Tak. Teraz dopiero zaczęła się przyjemność ze zwiedzania. Ludzie niemalże znikli. Cała reszta była mniej istotna :)

Zabawiliśmy na Murze chyba jeszcze ze 2h. Nieźle, jak na raptem niecałe 2 km dostępne do spacerowania dla turystów. I wróciliśmy do domu.
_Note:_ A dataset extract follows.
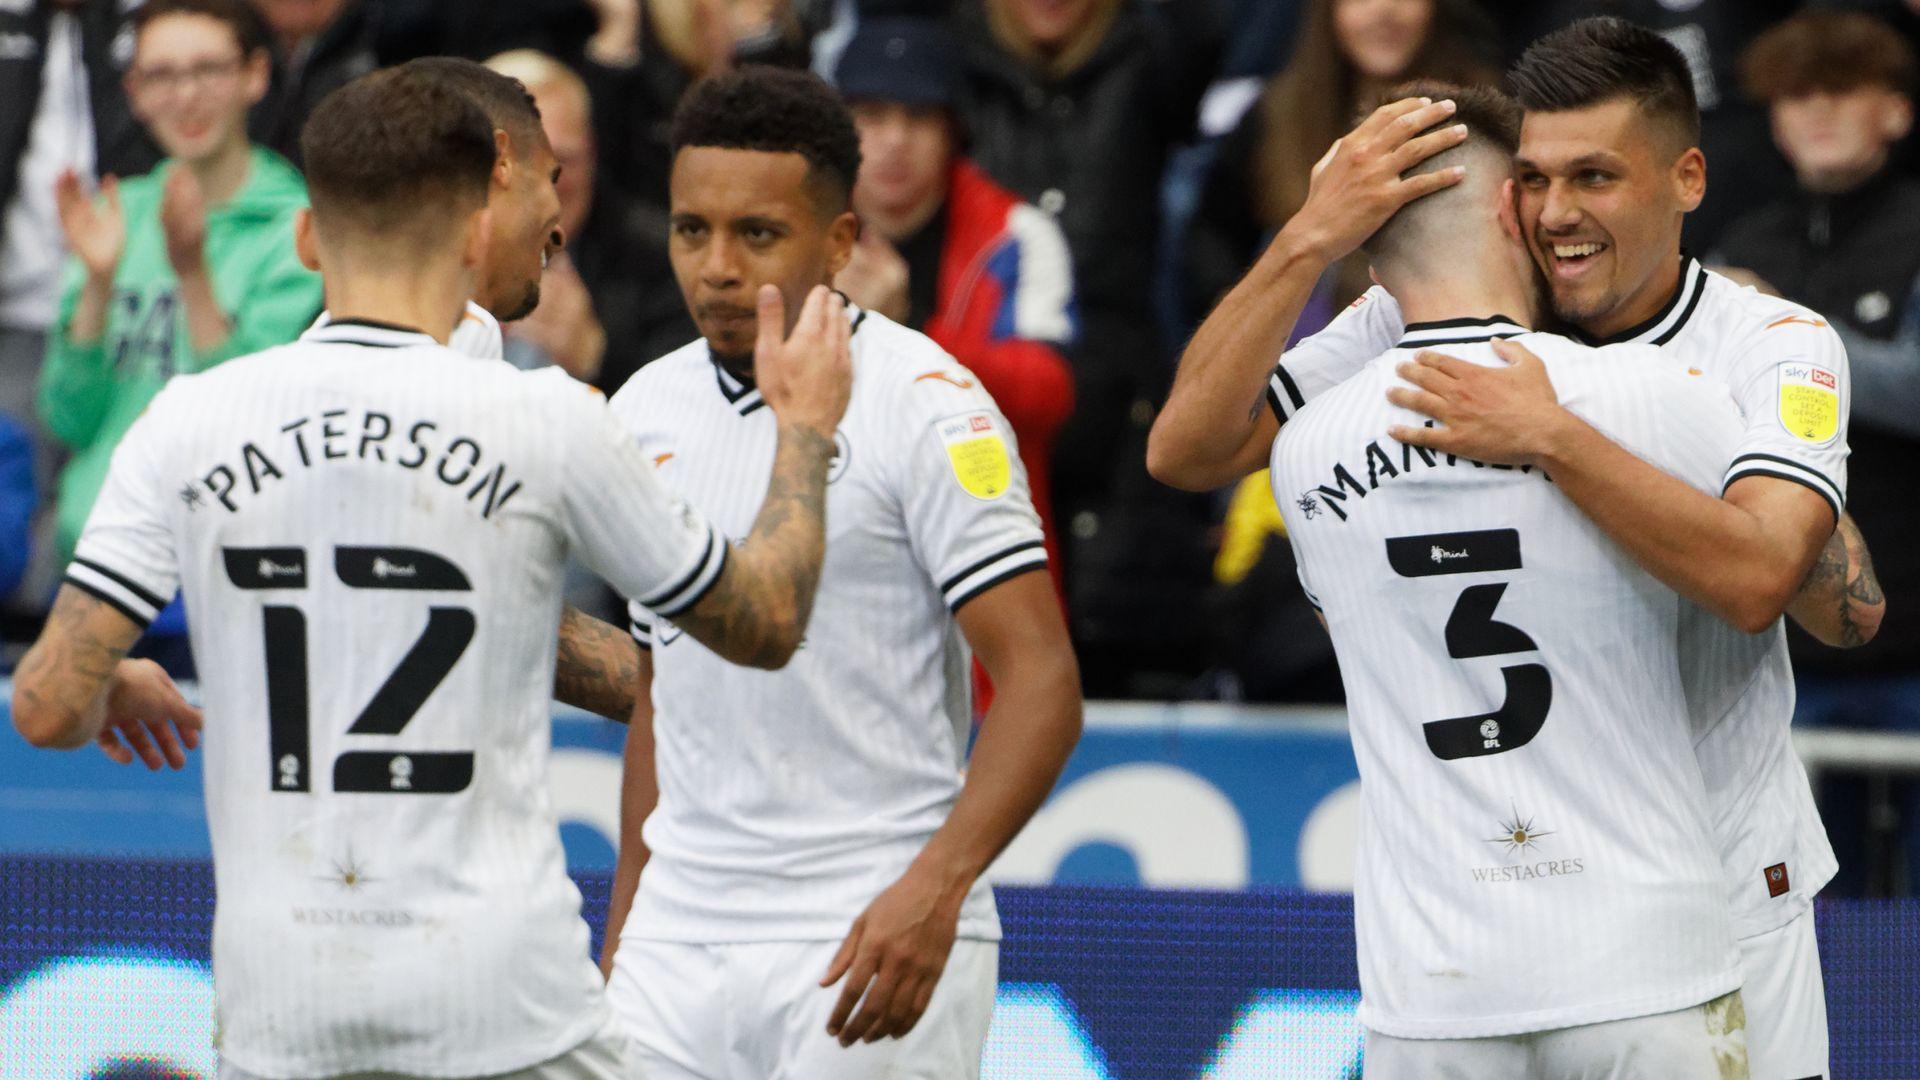 Swansea 3-0 Cardiff highlights

I tyle. To był nasz cały plan na Pekin. Zostawał nam jeszcze jeden dzień – sobota. Przeznaczyliśmy ją na jakieś małe zakupy, poszliśmy do Pearl Market popatrzeć na „oryginalną” elektronikę, okulary i zegarki made in china. Proponowano mi kupienie dwuterabajtowego pendrive w niewiarygodnie niskiej cenie – aż zacząłem się zastanawiać, czy tak bardzo jestem w tyle, bo nie wiedziałem, że takowe już produkują :)
Ale zakupy poczyniłem. 64 GB pendrive „marki” SanDisk za jedyne 35¥ (mniej niż 20 zł) – sprawdzałem na miejscu, niby działa! Kolejny powerbank, 10400 mAh, za jedyne 40¥ – już sprawdziłem, fake, nawet telefonu w całości nie naładuje, czyli było 1:1.
Myślę, że jest tak, że gdy sprzedawca „nie umie” się targować i zejdzie np. ze 120¥ na 40, to sprzęt jest gównem. Czasem zdarzają się rzeczy dobrej jakości, ale wtedy nie ma aż tak dużej opcji na zbicie cen. Oczywiście i tu i tu można bawić się jak w Kole Fortuny, czyli bierzesz bramkę w ciemno, ale na końcu jest tak jak w kasynie, sprzedawca czasem straci, ale w końcowym rozrachunku zawsze musi być sporo na plus.
Następnym razem będę mądry.

Po zakupach. Przed nami teraz chyba najcięższa część wyprawy – podróż do Władywostoku.